Supplementary Figure 3: Spatiotemporal analysis of microglial expansion and redistribution in the injured facial nucleus.

(a) Coronal brain section of a Cx3cr1^GFP/+ mouse 7d post facial nerve lesion depicts areas analyzed for kinetics of microglial proliferation in the facial nucleus degeneration model. Microglial cells were marked by GFP (green). Neurons were immunolabeled with NeuN (blue) to locate the facial nucleus in the pons. The facial nucleus, a 200 μm broad perinuclear zone, and the parvicellular reticular nucleus, alpha part (PCRtA) were isolated in equal dimensions on lesion and contralateral sides for quantification of GFP⁺ microglia using the Imaris software.
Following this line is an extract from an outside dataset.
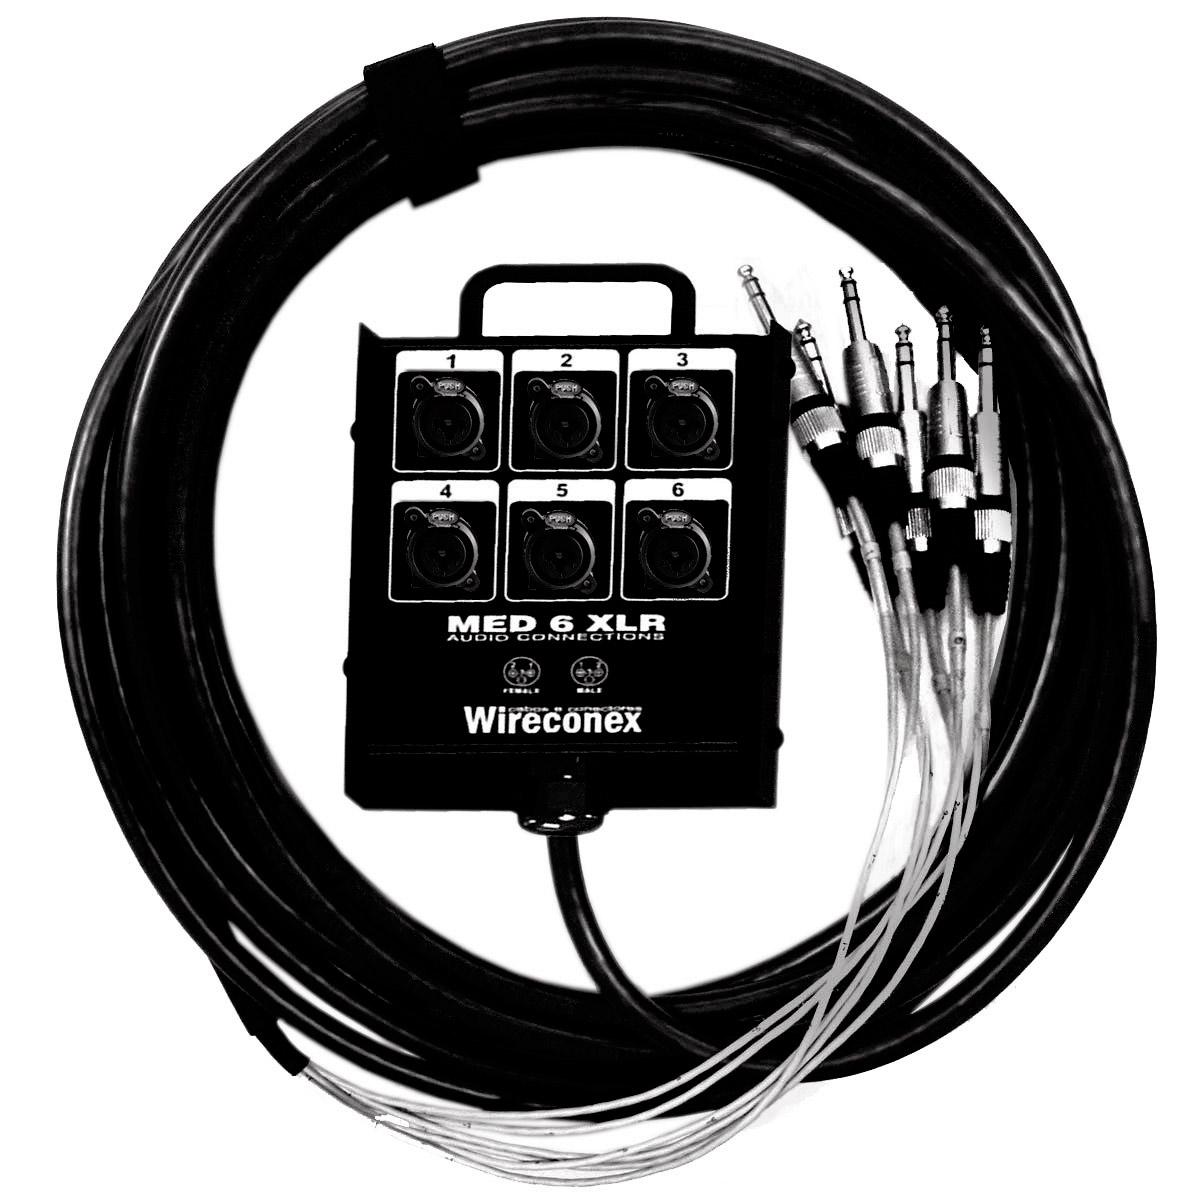 Multicabo Completo 06 Vias Combo XLR / P10 c/ Trava 15 Metros - VR CABOS

(b) Quantification of GFP⁺ microglial cells in contralateral (black) and injured (red) facial nuclei from onset (1 to 2d) to peak (7 and 14d) to resolution of injury (60d) in 8-14 weeks old female Cx3cr1^GFP/+ mice.

(c) Representative confocal images of microglia (GFP, green) with DAPI nuclear counterstain (blue) in matched facial nuclei during the time course of injury.
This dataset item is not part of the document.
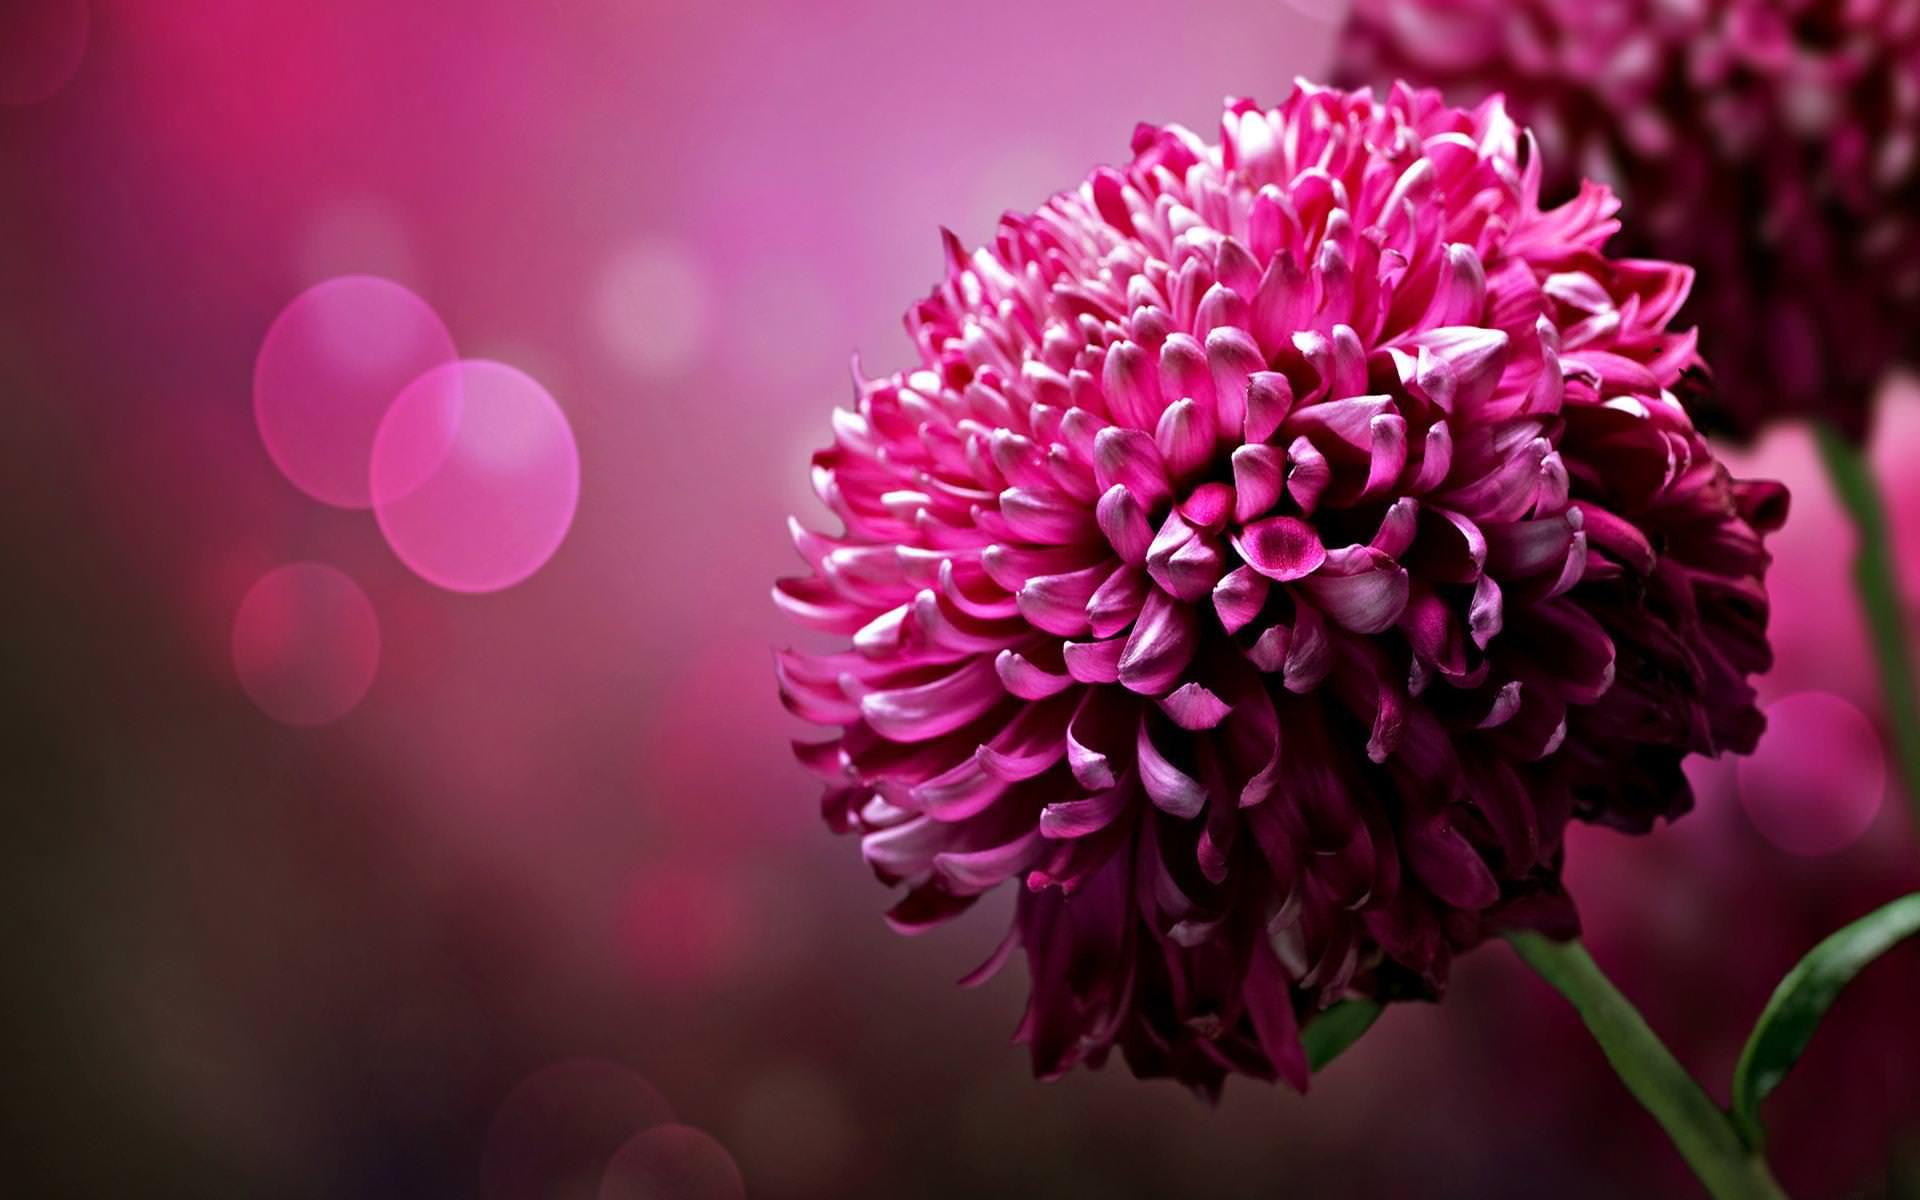 Desktop Flower Background

(d) Kinetics of microglial proliferation indicated by Ki67 immunohistochemistry.

(e) Representative confocal images for d. Microglia took on less ramified and more amoeboid morphology at 2 d after the lesion. GFP⁺ microglia (green), Ki67 (magenta) and DAPI (blue).

(f) Kinetics of microglial activation indicated by MHC class II immunohistochemistry.
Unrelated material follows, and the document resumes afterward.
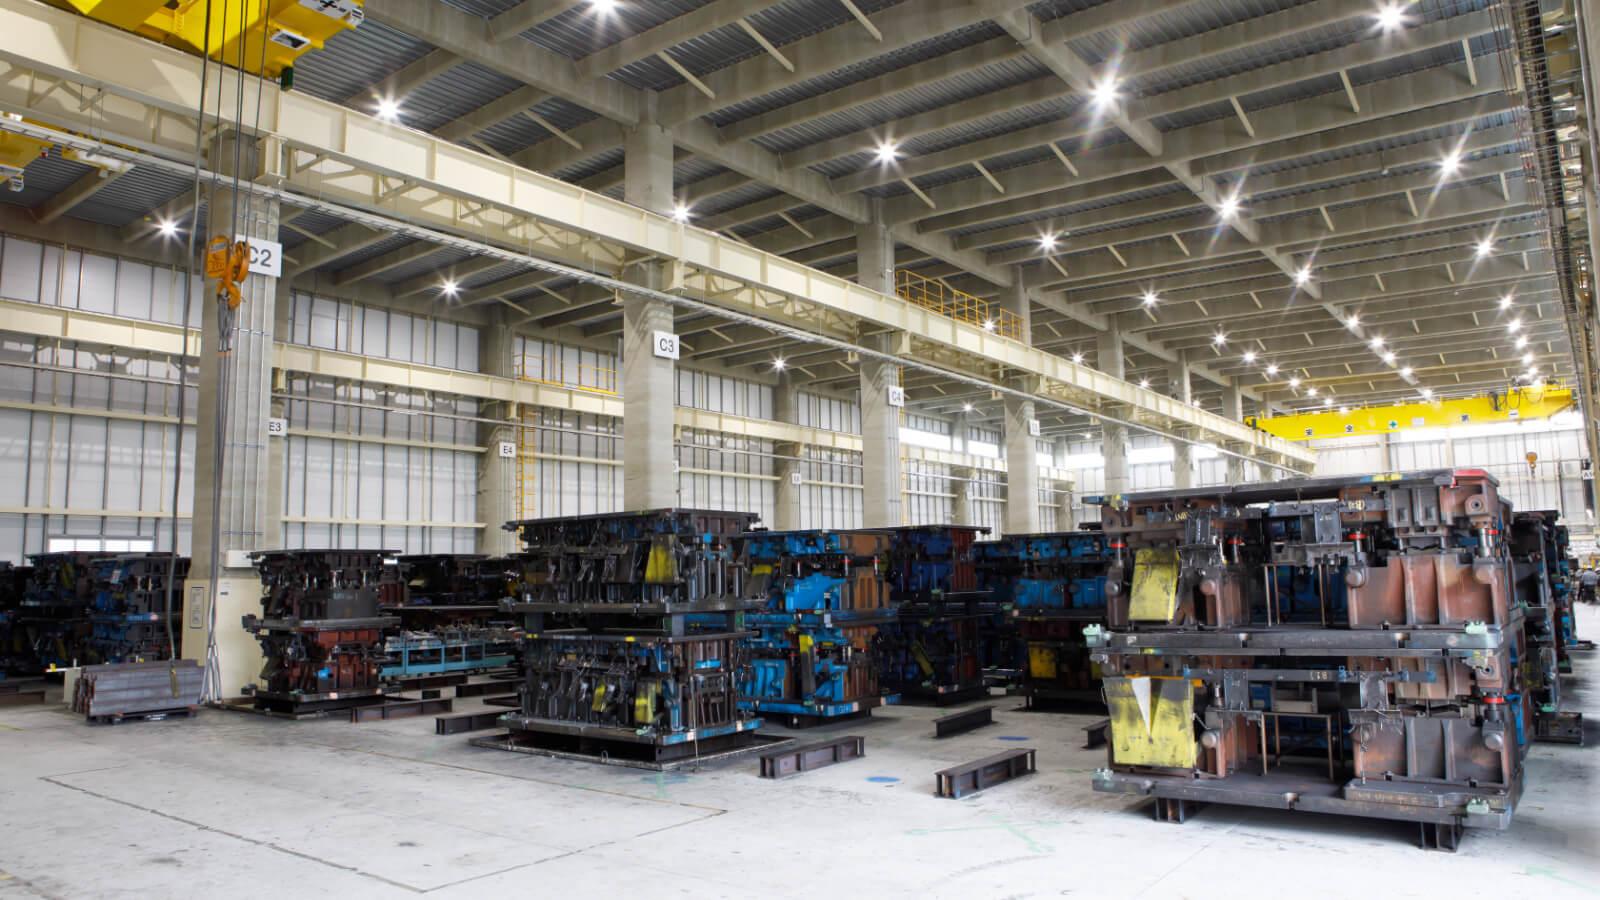 額田工場の金型倉庫

(g) Representative confocal images for f. Microglia were highly activated and assumed a rod-like or amoeboid morphology 7d following nerve transection. GFP⁺ microglia (green), MHC class II (magenta) and DAPI (blue).

Data are represented as mean ± SEM in b, d and f. n = 4 (1 d), 5 (2 d), 6 (7 d), 5 (14 d) and 7 (60 d) mice pooled from five experiments, 3-6 sections each. Two-way ANOVA, * P = 0.0358 in b, ** P = 0.0036 in b, 0.00110 in f, *** P < 0.001 in b, d and f. Scale bars, 50 μm in c, 20 μm in e and g.